As part of the migration I wanted to extract all the old posts from Wordpress into the proper markdown format used by Jekyll.
Jekyll includes a migration script for Wordpress, but this used a direct database connection to the Wordpress MySQL server to extract a minimum amount of information for each blog post. To avoid missing information that I later might want after having shut down the Wordpress server, I wanted to base the migration on a full XML export from Wordpress. This way I could go back and extract more information from the old posts, if, and when, needed.

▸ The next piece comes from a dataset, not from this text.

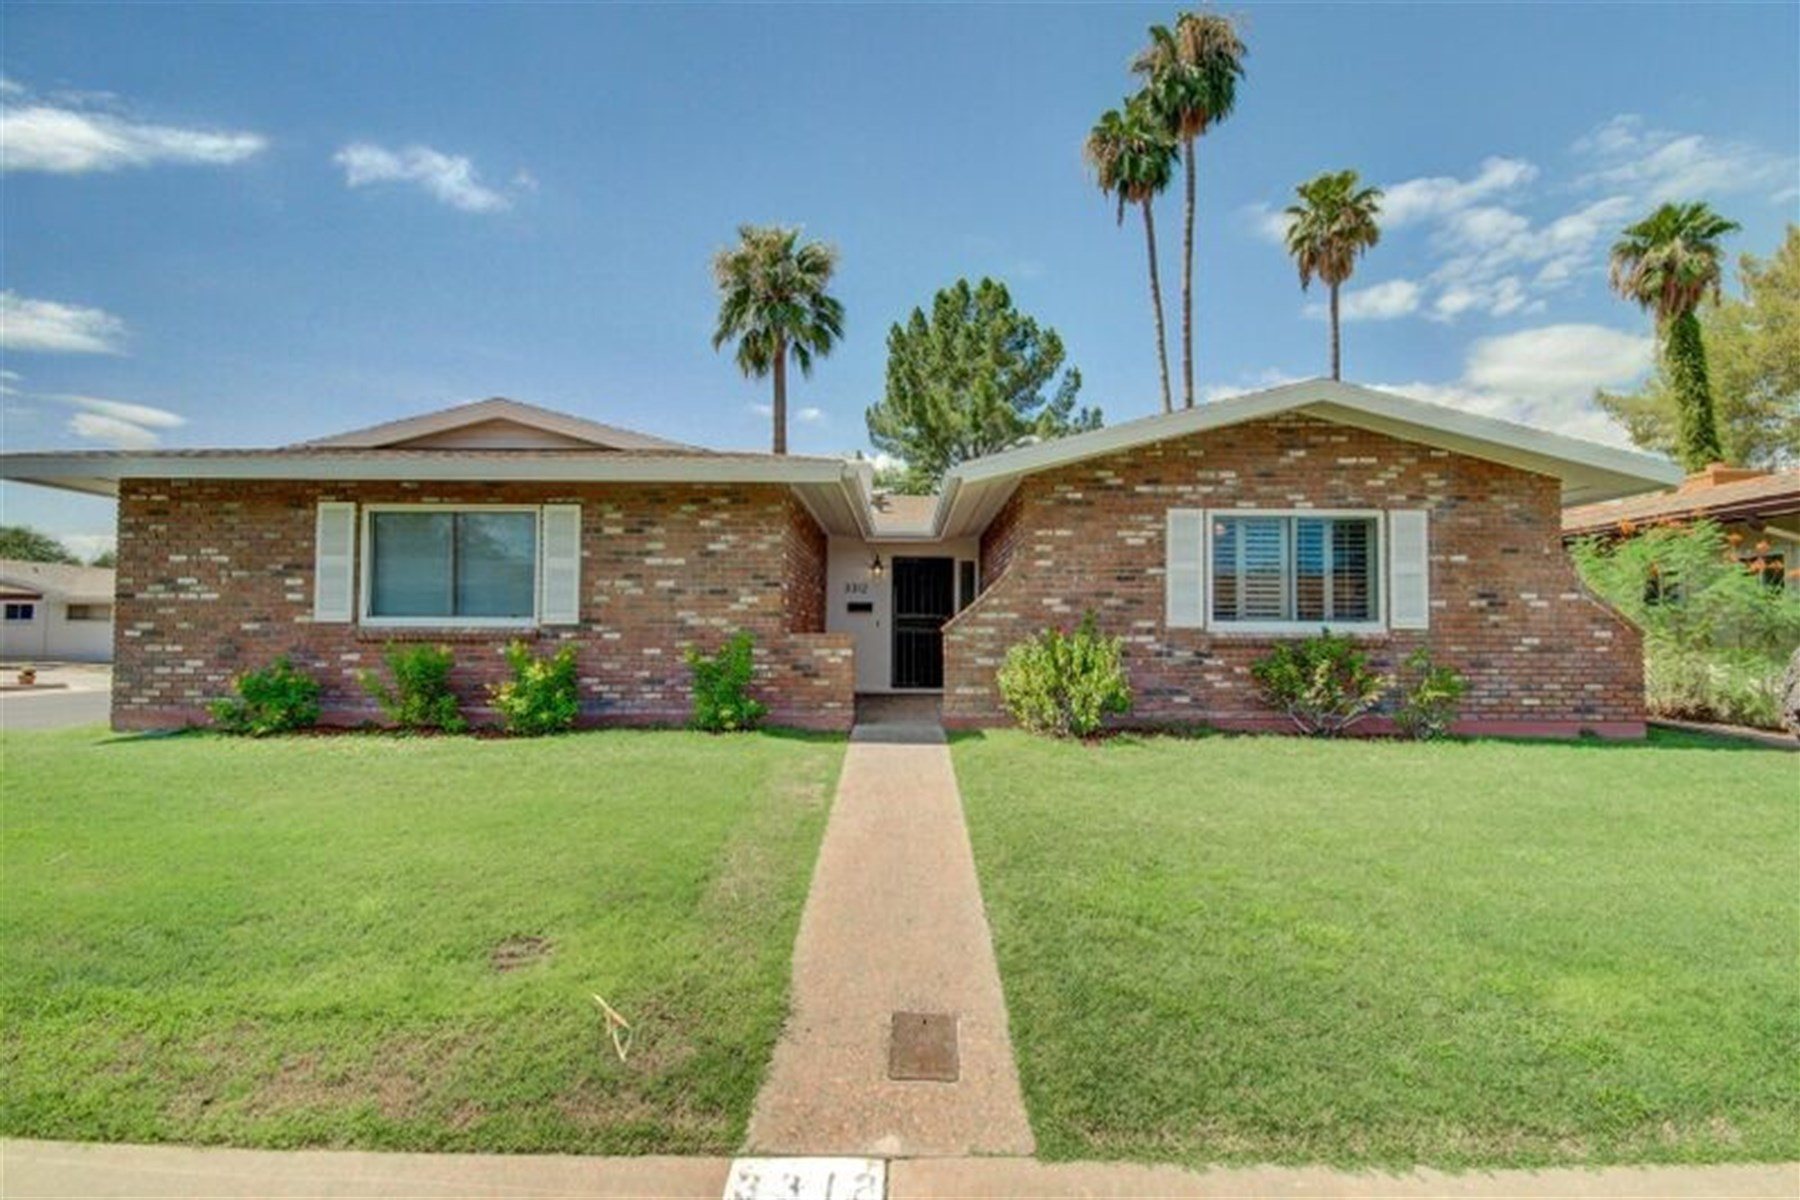 Casa para uma família para Venda às Corner lot in Arcadia Lite has had extensive remodel 3312 N 47TH ST Phoenix, Arizona 85018 Estados Unidos

Seeing this as a chance to play with Ruby - a language I’ve only dabbled in previously - I set out to build a simple Wordpress XML->Jekyll converter. The converter reads the Wordpress export and converts all blog posts into separate files with a proper Yaml frontmatter. It also converts the syntax highlighting markup, code markup and headings into the corresponding markdown conventions. The rest of the HTML is left alone.
For the images I just copied the files in the old Wordpress structure into the new blog directory layout so that the URLs still match. Not the nicest way, but I was too lazy to do anything about it just yet.
Anywho - the source for the Wordpress XML converter is available in the blog branch of my fork of Octopress. The source is also given below. To use, just run with the filename of the Wordpress XML export as the first argument.
It’s my first publicly available Ruby program - so be careful. Improvements welcome!